[Task statement]: Render every line of the data exactly as written, and leave out the pictures.

[Source data]:
━━━━━━━━
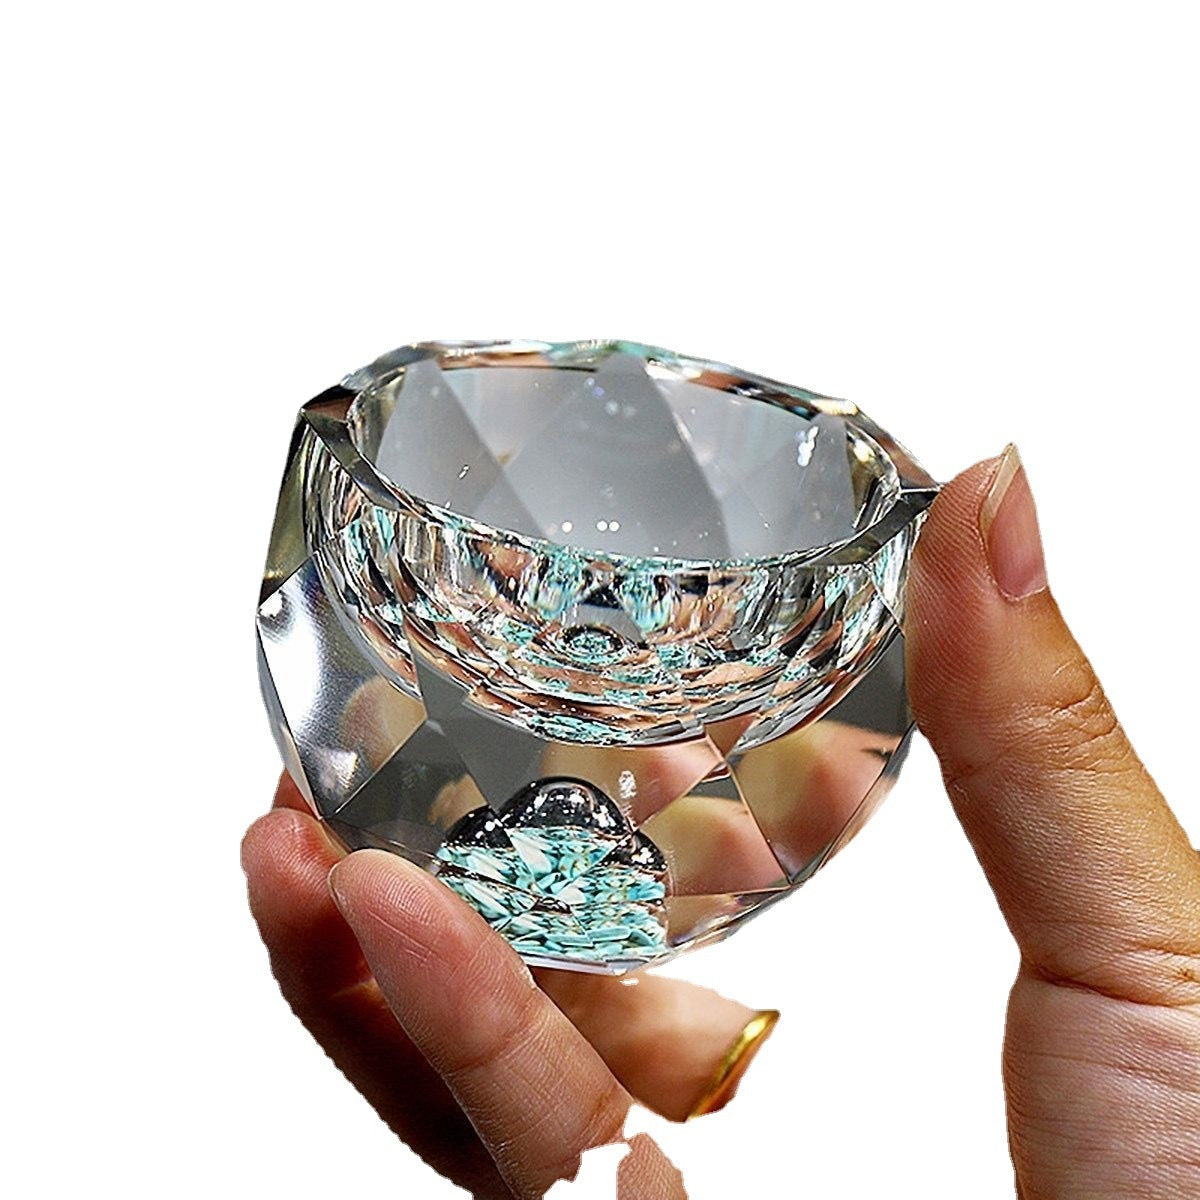 50ml diamantového řezání krystalického alkoholu Brýle vodka Stol Skleněná sklenice Whisky Glass Sklapci Sake Soju Brandy čajový šálek
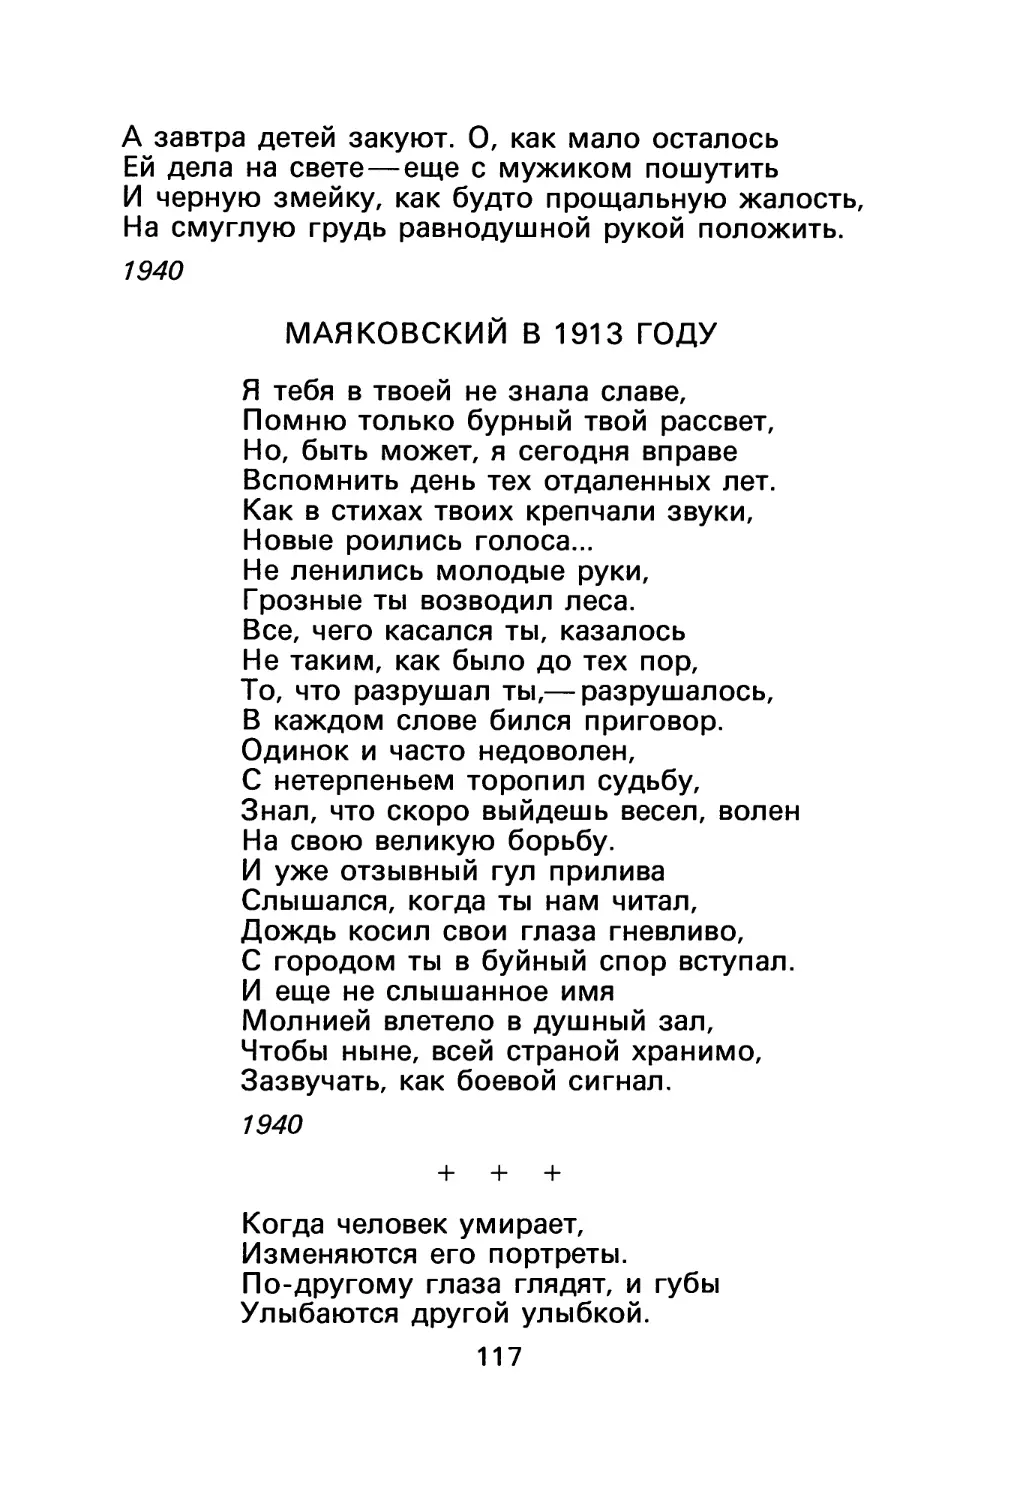 Маяковский в 1913 году
«Когда человек умирает...»
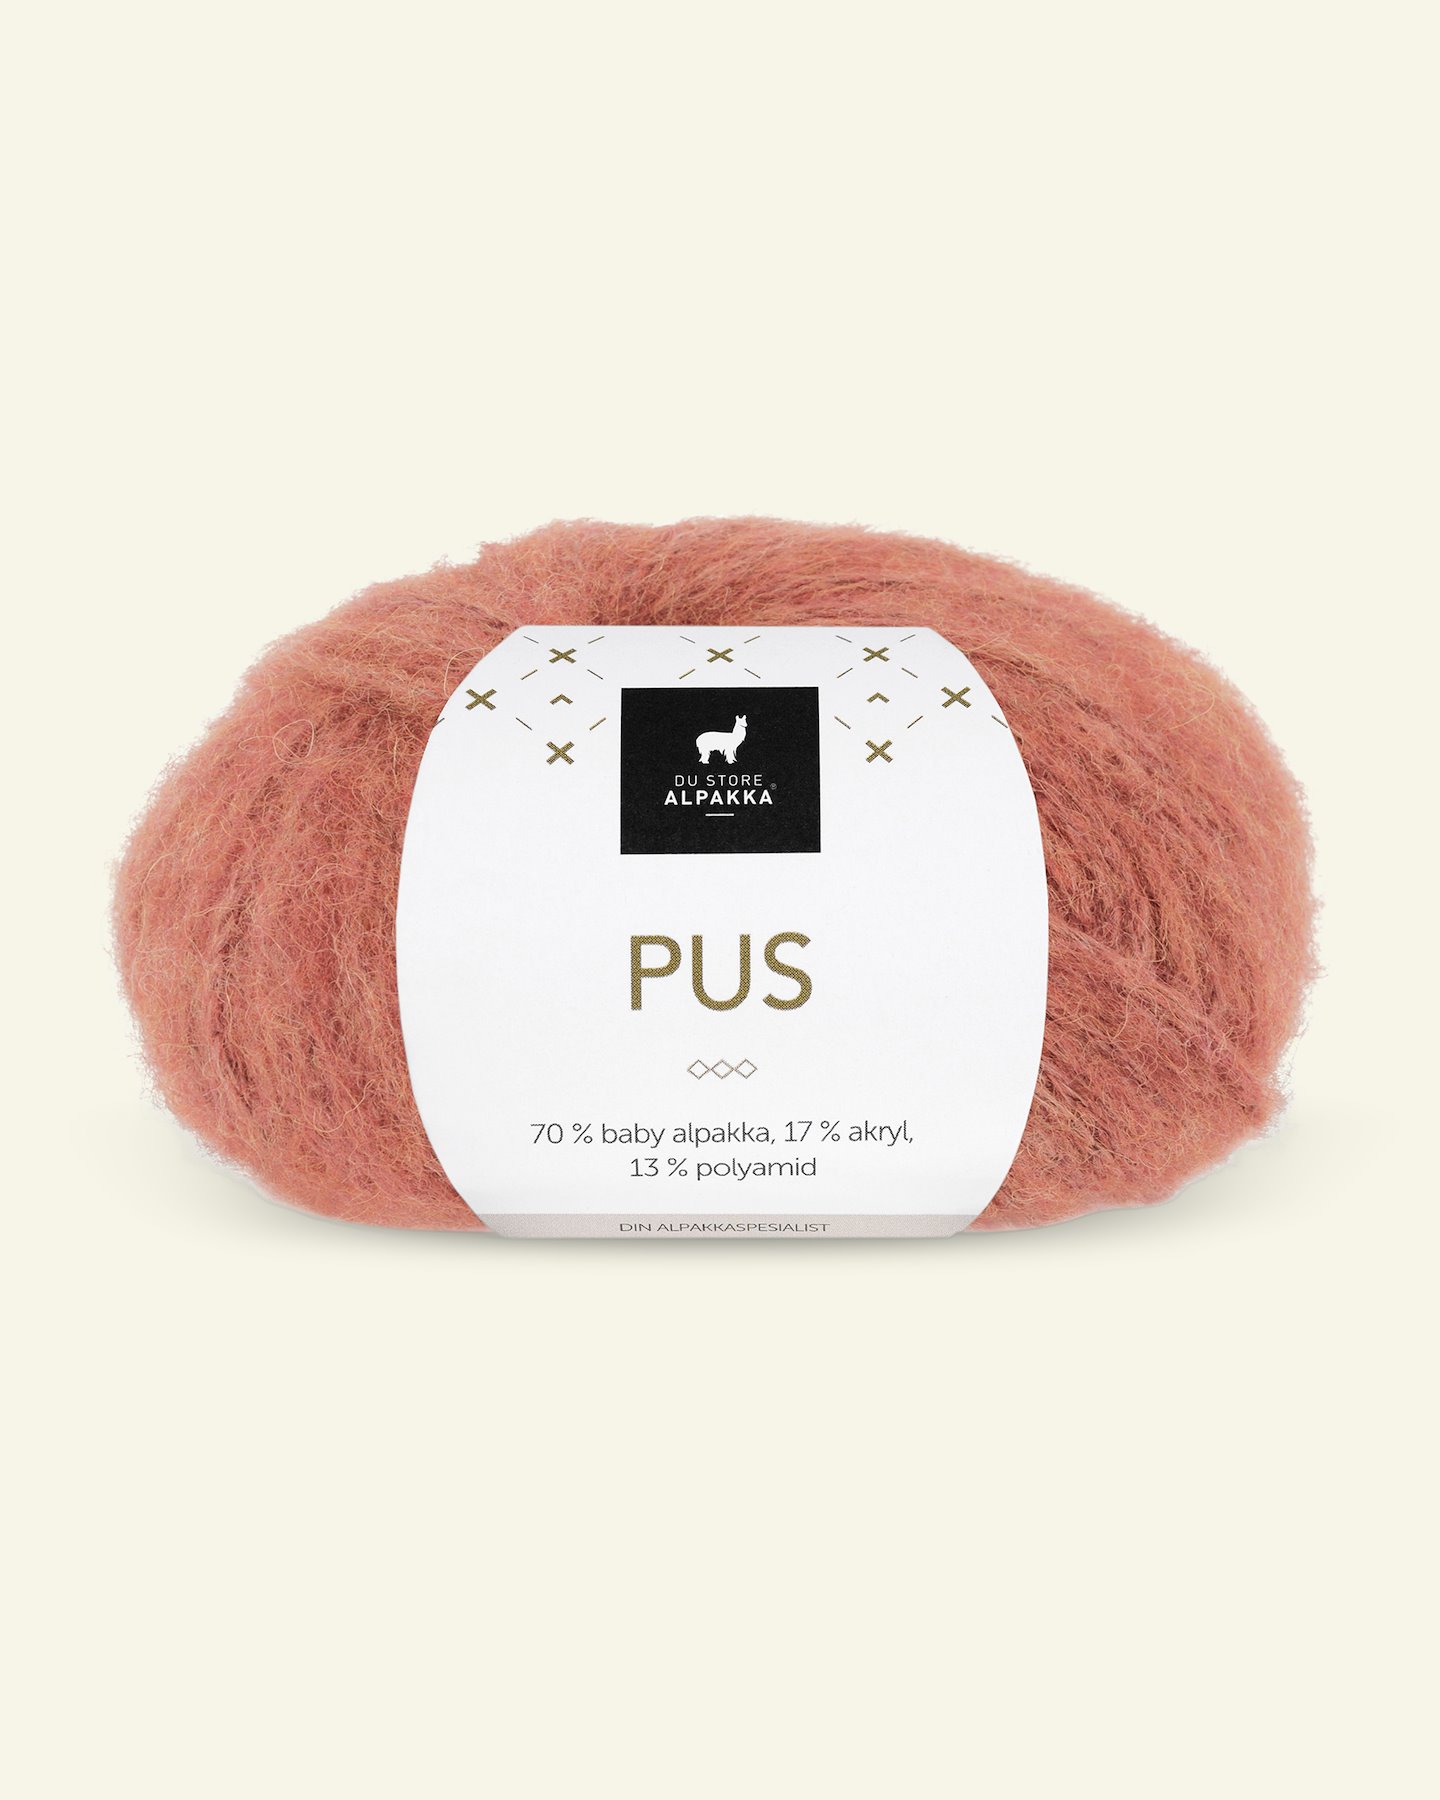 Du Store Alpakka, alpaca mixed yarn "Pus", warm orange (4034) 90000727_pack
━━━━━━━━
[Written response]:
 50ml diamantového řezání krystalického alkoholu Brýle vodka Stol Skleněná sklenice Whisky Glass Sklapci Sake Soju Brandy čajový šálek
 Маяковский в 1913 году
«Когда человек умирает...»
 Du Store Alpakka, alpaca mixed yarn "Pus", warm orange (4034) 90000727_pack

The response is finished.